What the task asks:
Each line below should be retyped exactly, with no pictures.

Data below:
=== Begin Enclosure ===

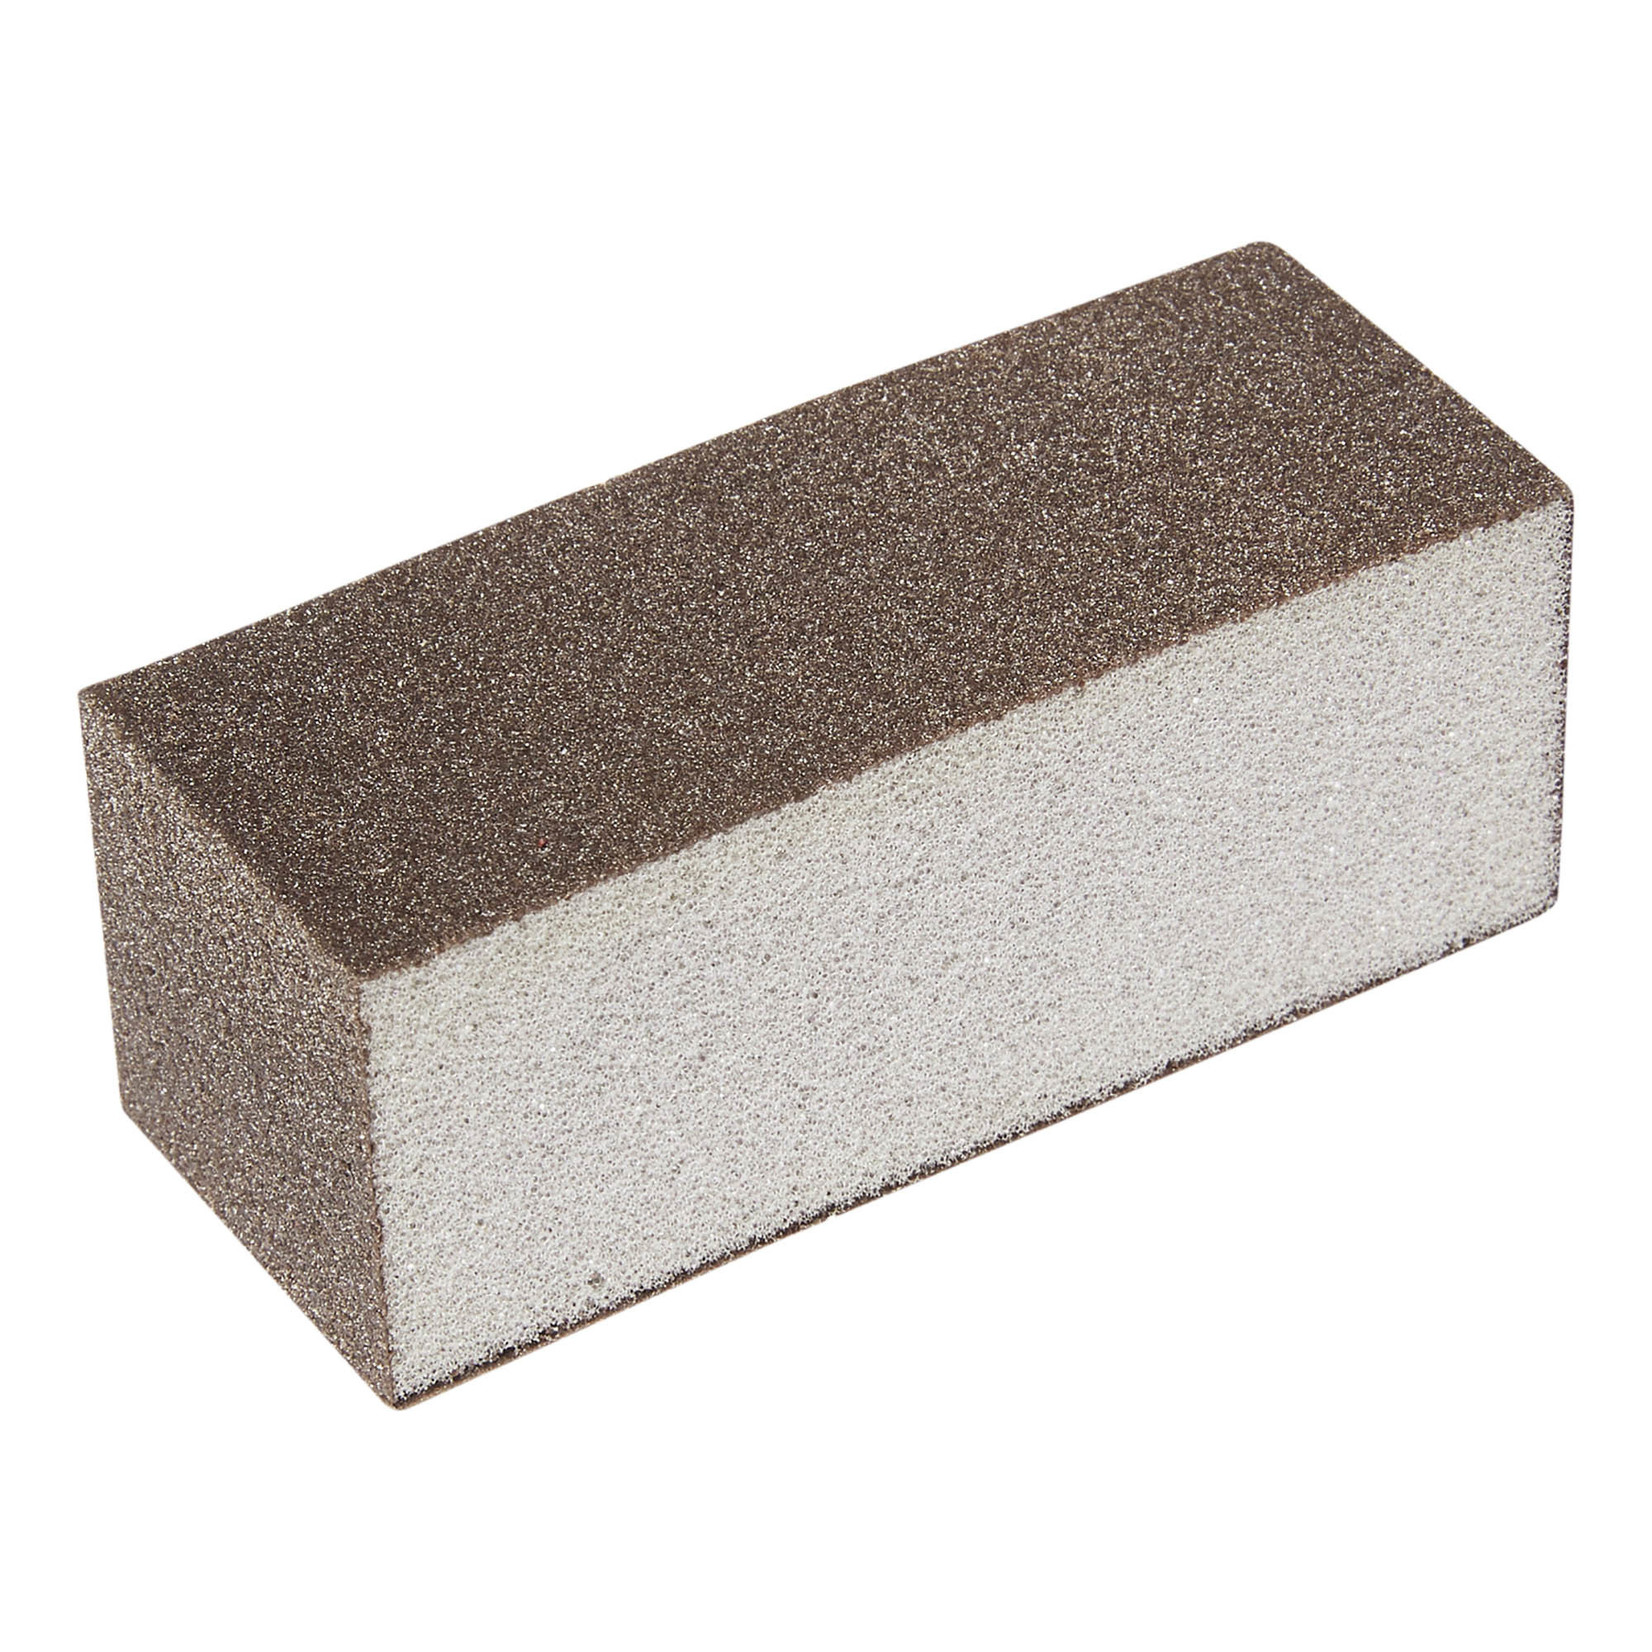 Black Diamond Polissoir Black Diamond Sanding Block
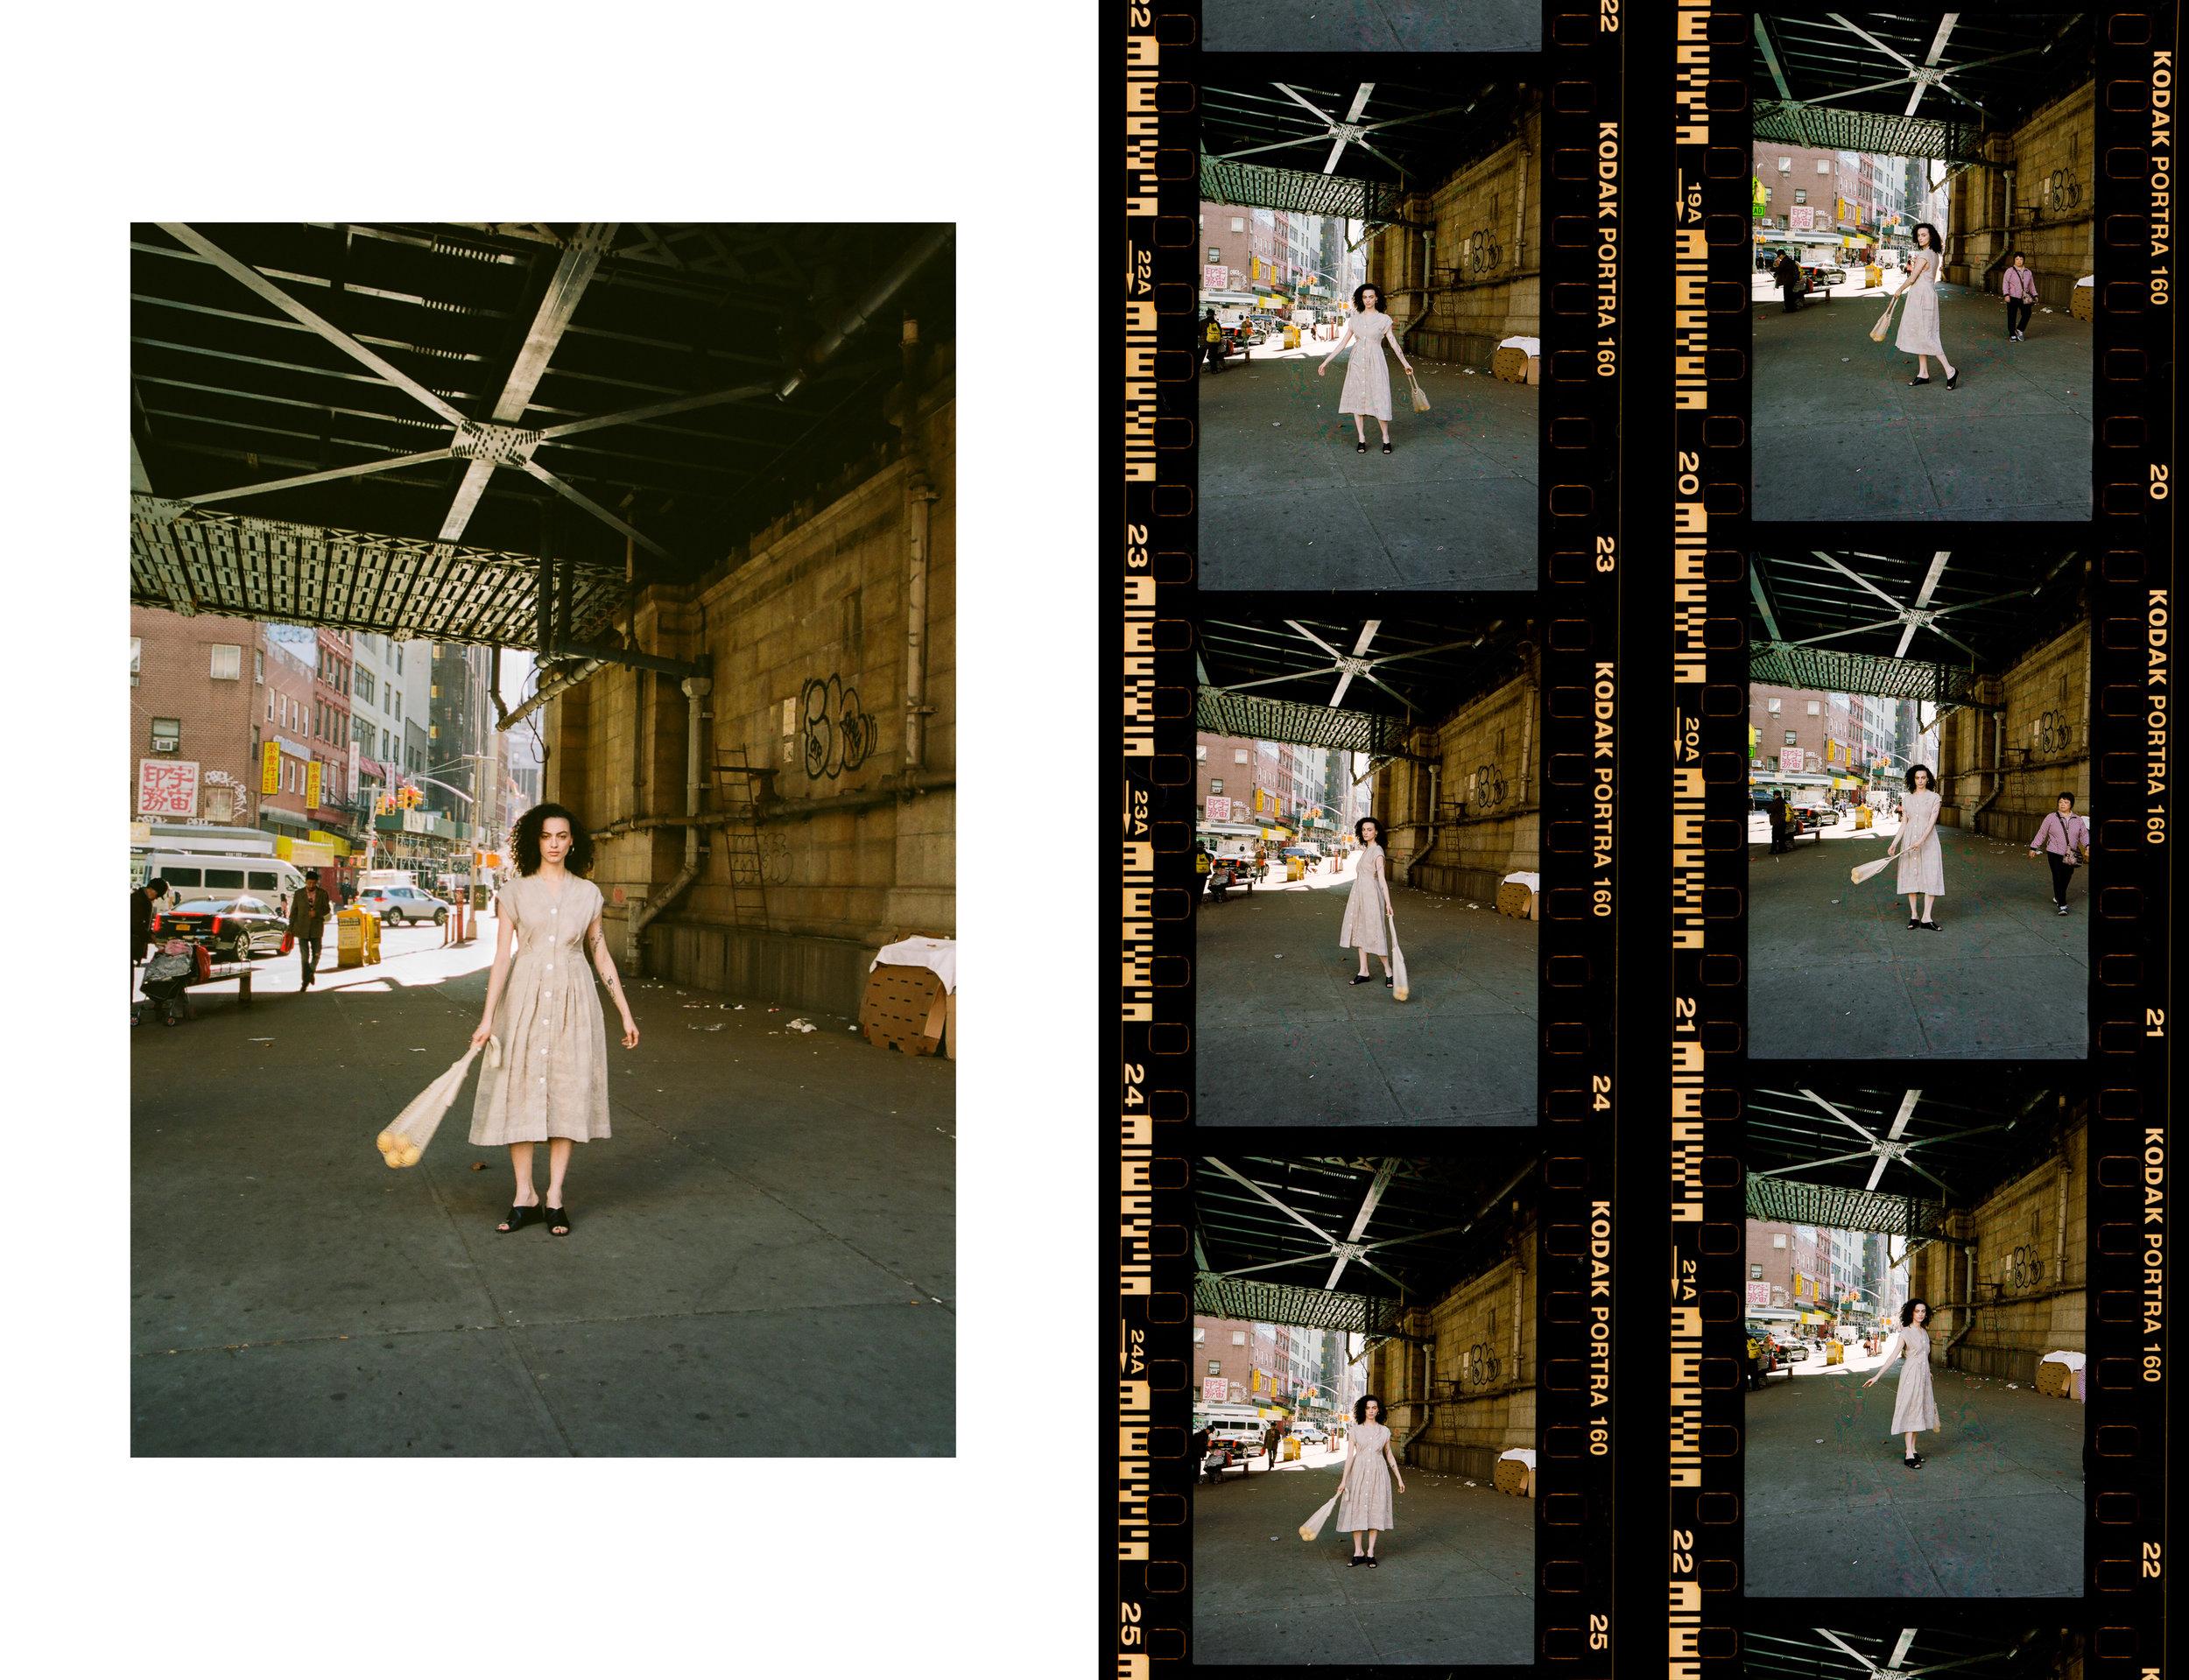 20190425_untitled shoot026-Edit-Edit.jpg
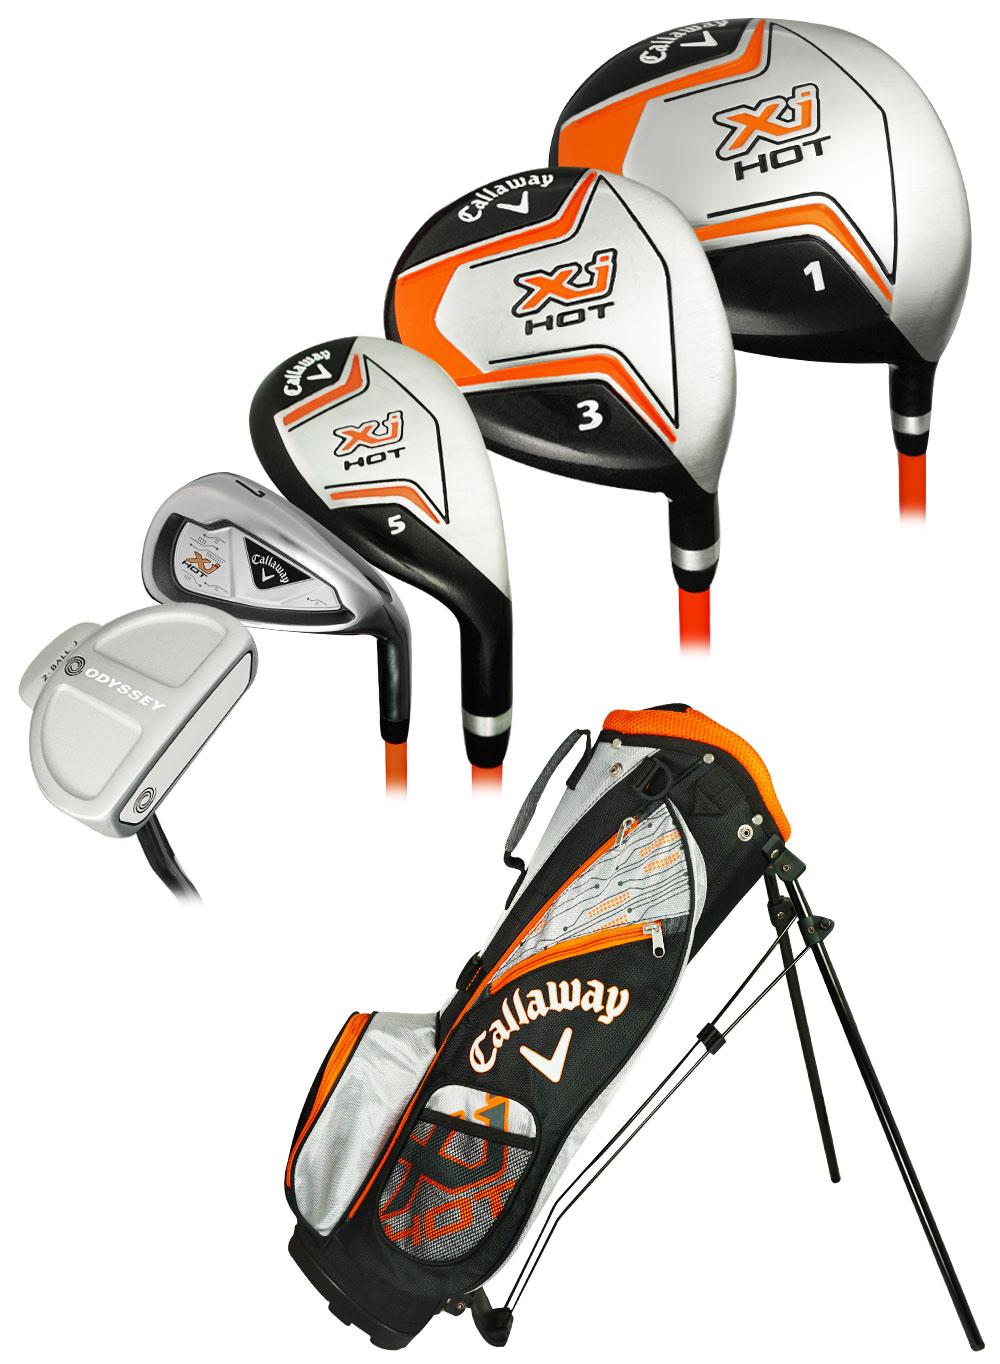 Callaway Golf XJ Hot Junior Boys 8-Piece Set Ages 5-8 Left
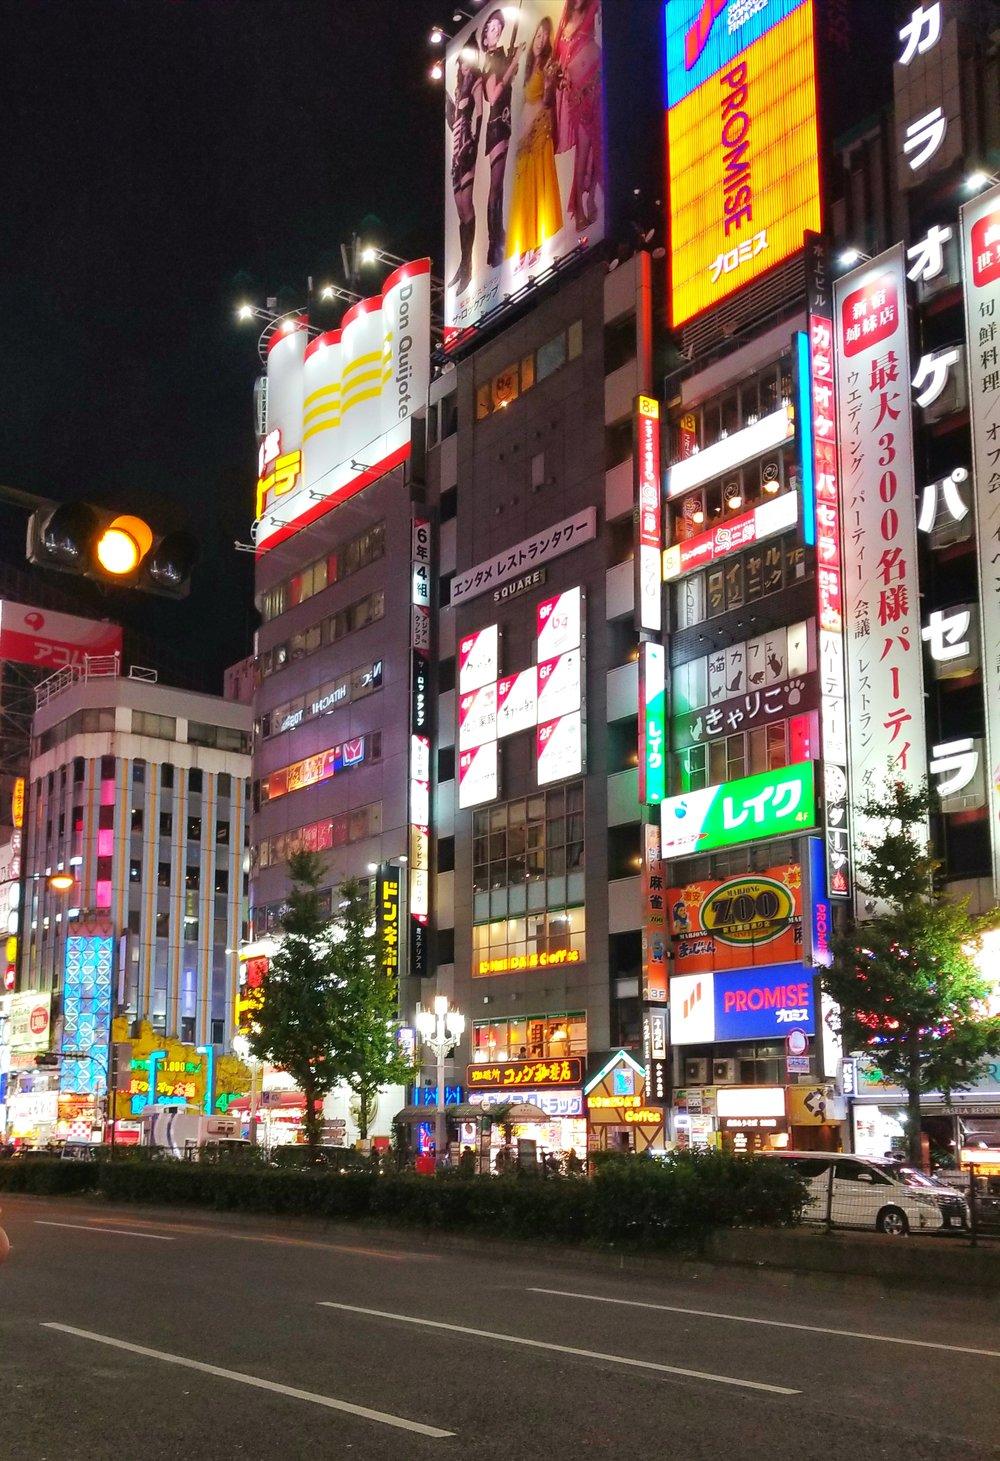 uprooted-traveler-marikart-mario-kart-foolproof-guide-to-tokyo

=== End Enclosure ===

Solution to this task:
 Black Diamond Polissoir Black Diamond Sanding Block
 20190425_untitled shoot026-Edit-Edit.jpg
 Callaway Golf XJ Hot Junior Boys 8-Piece Set Ages 5-8 Left
 uprooted-traveler-marikart-mario-kart-foolproof-guide-to-tokyo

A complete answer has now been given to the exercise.